Posted: 22/12/2012 at 20:53

I found growing red onions from sets no trouble although they were picked quite young and didn't bolt like white onions sometimes do. They are more sweeter and not as eye watering when chopped. 

What's the weather like in your area?

Posted: 21/12/2012 at 20:52

Frank. You've brightened up my day..LOL. 

Haven't seen much weather this week, being the last week before Christmas, have been office bound catching up on paper work before the holidays. From the office window it was dull and wet here in the NW.
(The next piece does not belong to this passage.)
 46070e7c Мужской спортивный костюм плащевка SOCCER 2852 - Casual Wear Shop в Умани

The cold I thought I was getting turned out to be a skin infection on the side of my face which had run down the ear duct. By Wednesday one ear was the size of a cabbage, thank heavens for antibiotics and penicillin... and a day off work  it's now almost resumed it's normal size. 

wildlife in the city

Posted: 21/12/2012 at 20:15

Hi, Norm2.

We also get that type of wildlife too, hanging around corner shops, wanting to be fed cigarettes and alcohol, anyone caught feeding them are arrested and face a heavy fine. They appear to be shy creatures, with hoods pulled over their faces. They can be very appreciative and scatter if you give them some worldly advise...like...the police have been watching this shop. They've tried taming them where I live with ASBO's and naming and shaming, not sure how effective that is, as new clusters seems to replace the old.      
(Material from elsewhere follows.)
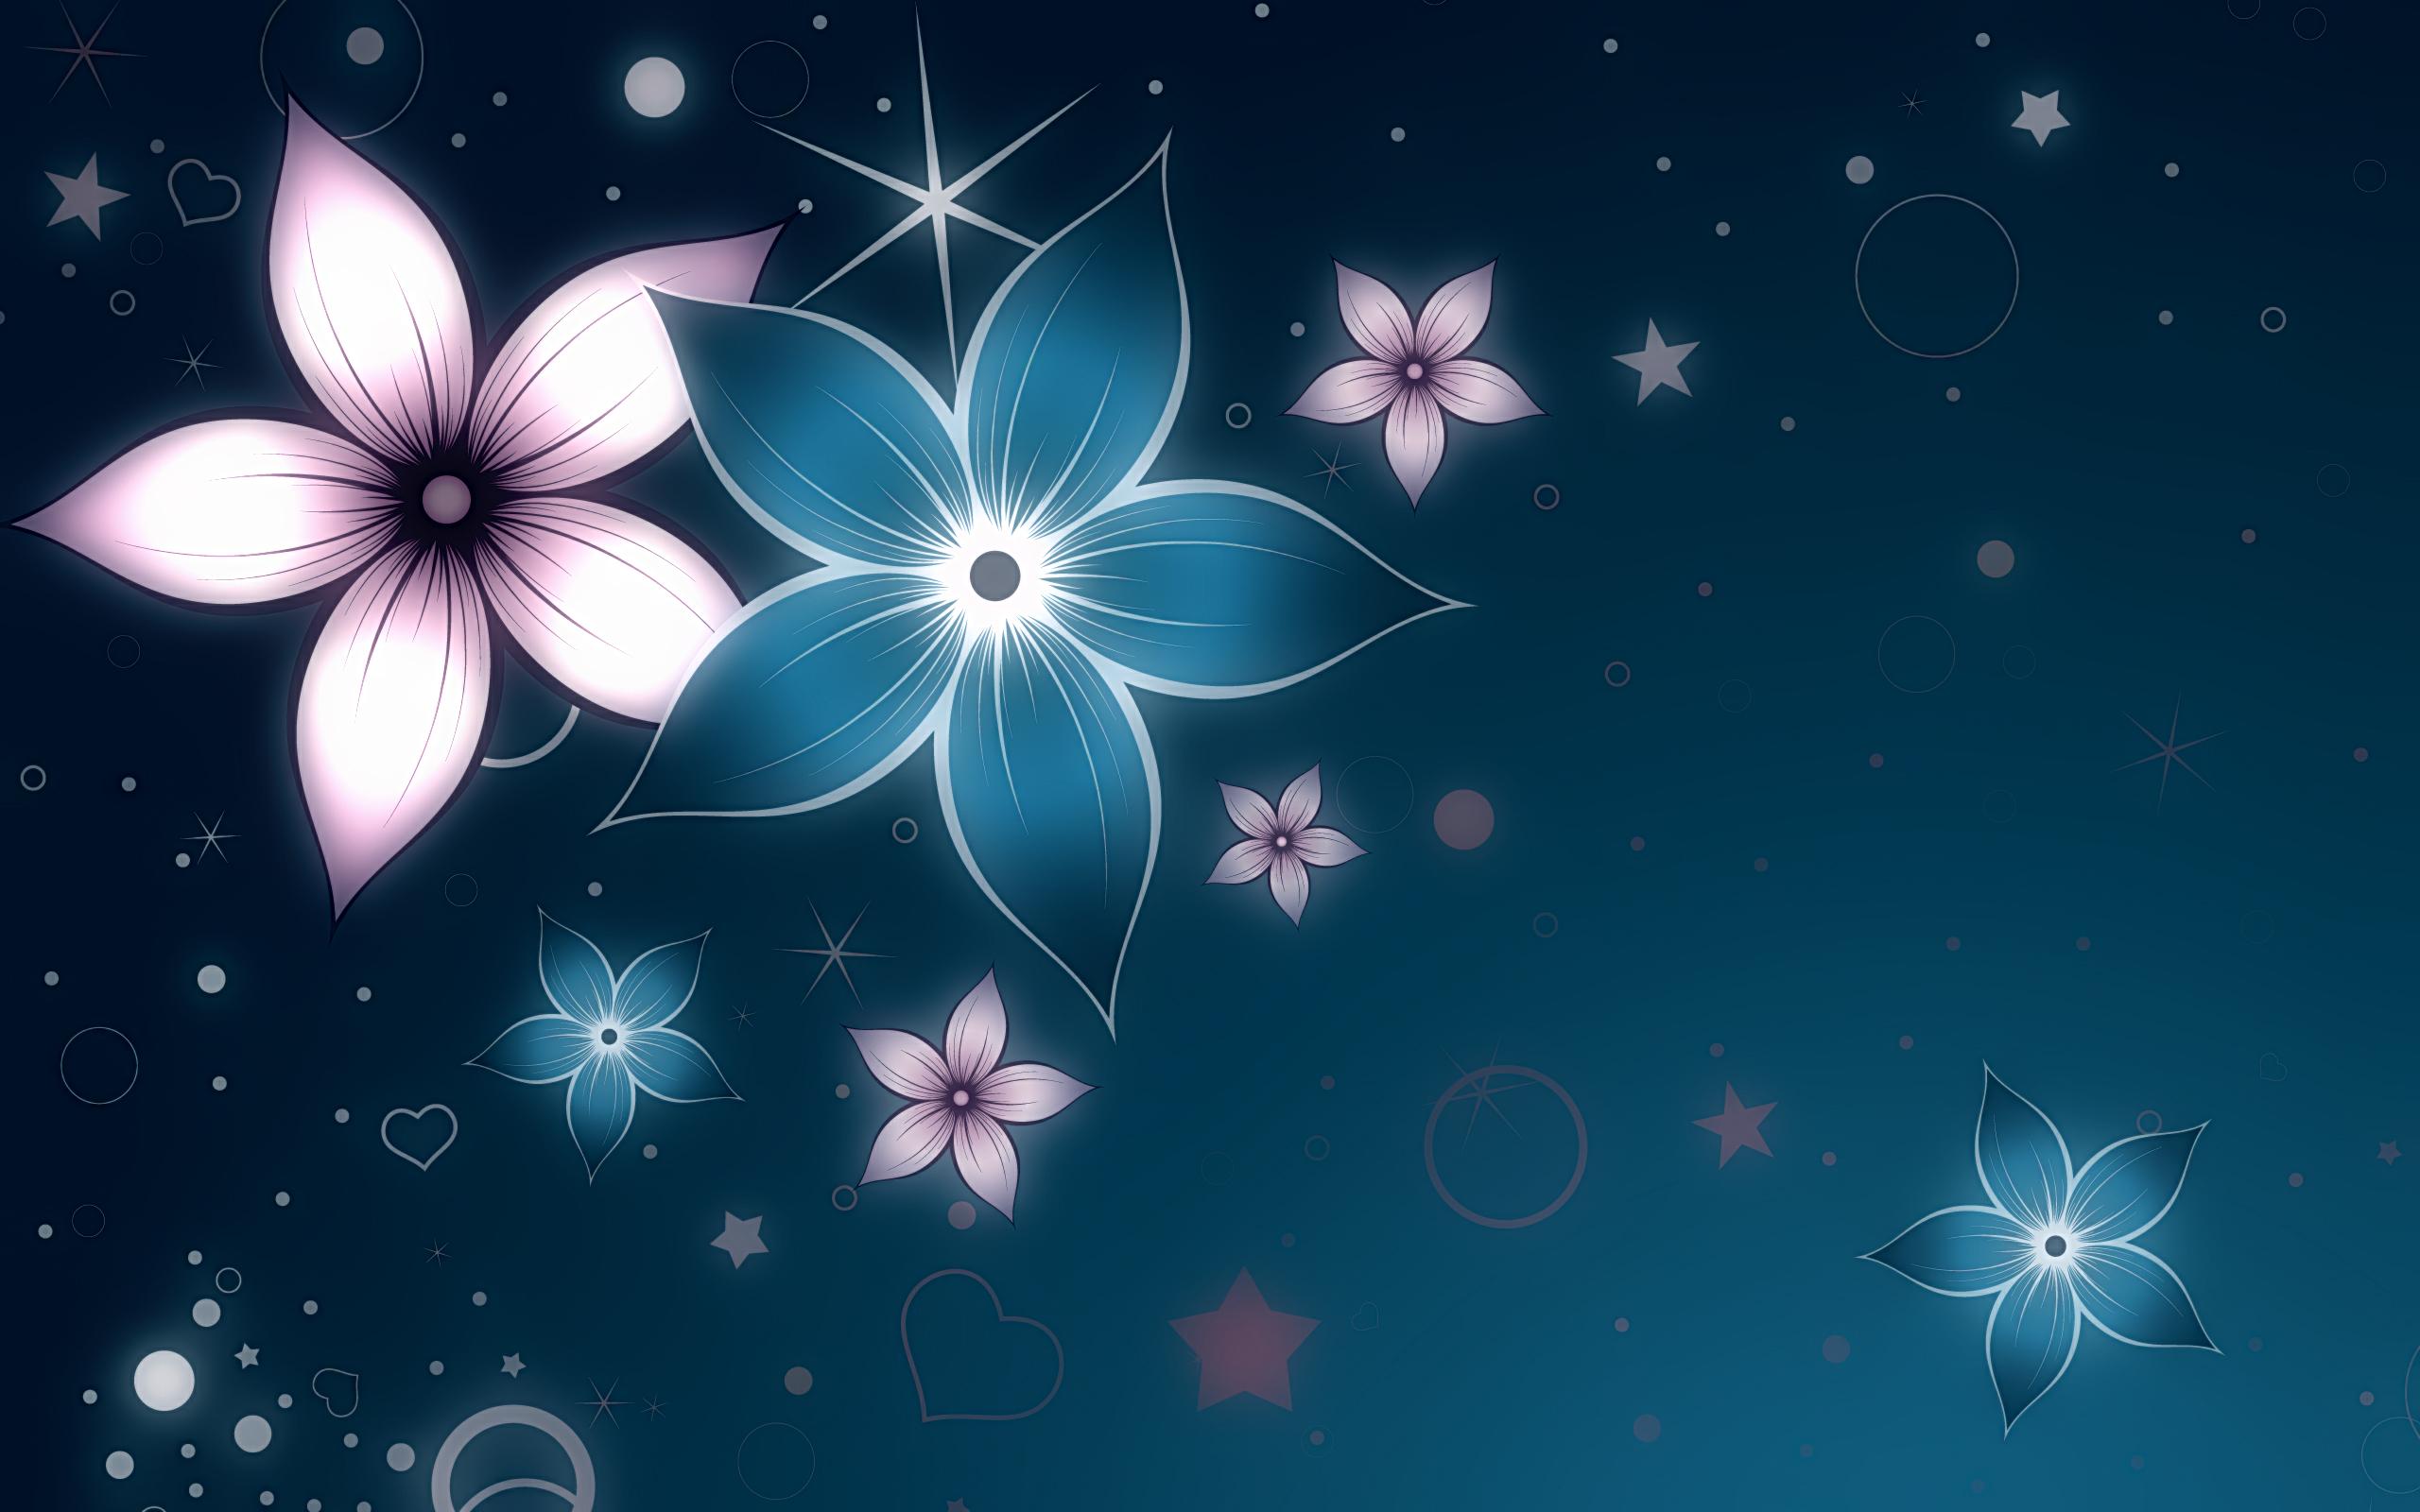 bigflowers by nucu

Growingspuds for Chistmas...

Posted: 21/12/2012 at 19:50

Look on the bright side Bjay. you are now an expert on growing spuds for Christmas and your crop is better than mine LOL.

Never did get round to emptying those two bags of spuds by the shed, but emptied one I had in the GH at the weekend and would you just believe it, there were a few spuds in the bag....not enough for twelve but about a third of your crop, so I've brought the other two bags into the GH and will be delving into those when they've dried out a little        

wildlife in the city

Posted: 20/12/2012 at 22:47

Sadly things change flowering rose.

I grew up in the sixties, in a house which backed onto a field and post war allotments. There was a huge derelict pig farm and vicarage with orchard. I recall being woken at the crack of dawn to the sound of birds. There were owls too, which would sometimes keep you awake and horses would sometimes be grazing in the field.
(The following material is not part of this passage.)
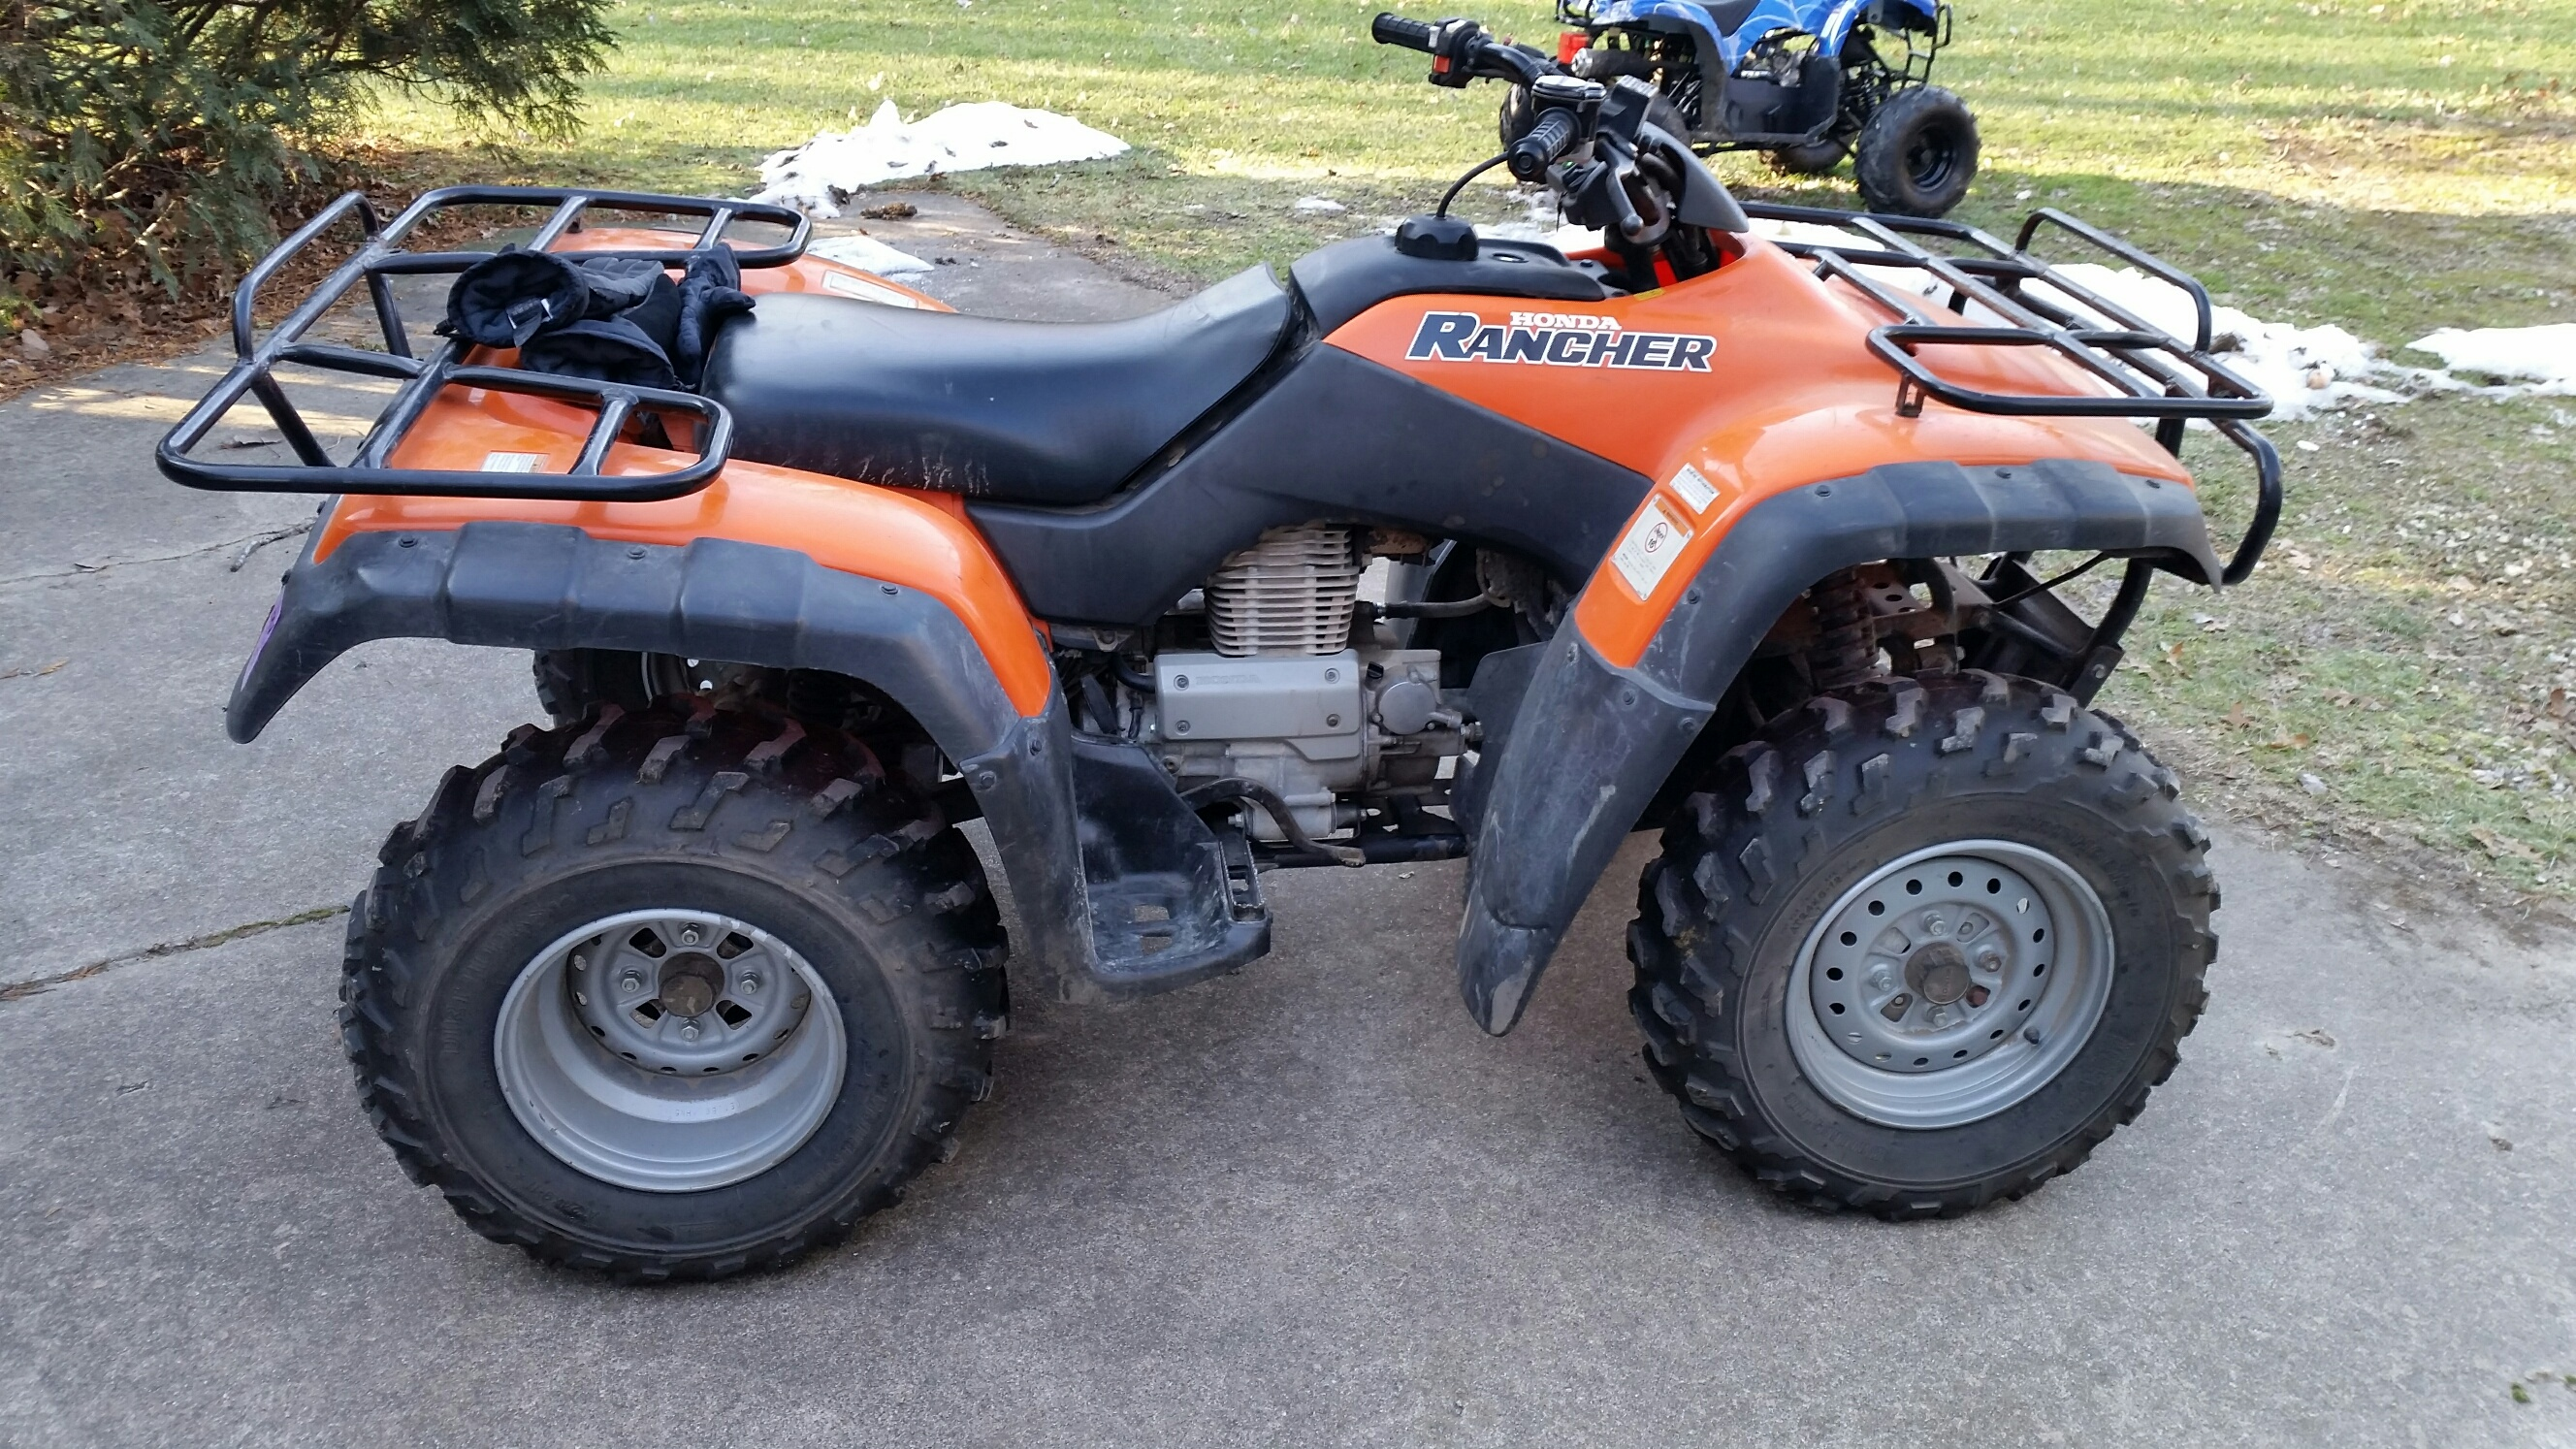 Honda Rancher For Sale >> 2001 Honda Rancher 4x4 FM1 - Michigan $1400 - Honda ATV Forum

We would collect grasshoppers, ladybirds and butterflies in the summer and have competitions to see who could collect the most before letting them go. The noise of grasshoppers could sometimes be deafening. We'd also go out collecting gooseberries, blackberries, rashberries and get apples from the vicarage. Then there were the wild flowers which could be picked. There were old, man made water holes at the derelict pig farm were hundreds of frogs lived. If I ever said I was bored, I recall getting into trouble, and we seldom watched TV. Once a year the field would be cut and we'd build den's with the bales of hay.

We lived along a road on the main A6, it was at the edge of the city, now where I played is a built up area. The only thing left from that time is a tree, which you can still see from the main road, we called it the big tree, many a day was spent seeing who could climb the furthest up it and there's probably quite a few adults who scratched their names on it as children.

Very little in the way of wildlife exists there now. The orchard is probably still there no doubt fenced off in the name of Health and Safety.

I'm a short walk now from the country and a river estuary and also encourage birds to the garden, not quite the same as years gone by when nature was on my doorstep.

growing onions from plants

Posted: 20/12/2012 at 21:27

I've Red Baron, Bedfordshire Champion and Golden Bear onion seeds from 2010, never got round to sowing them, would they still be viable to sow this year.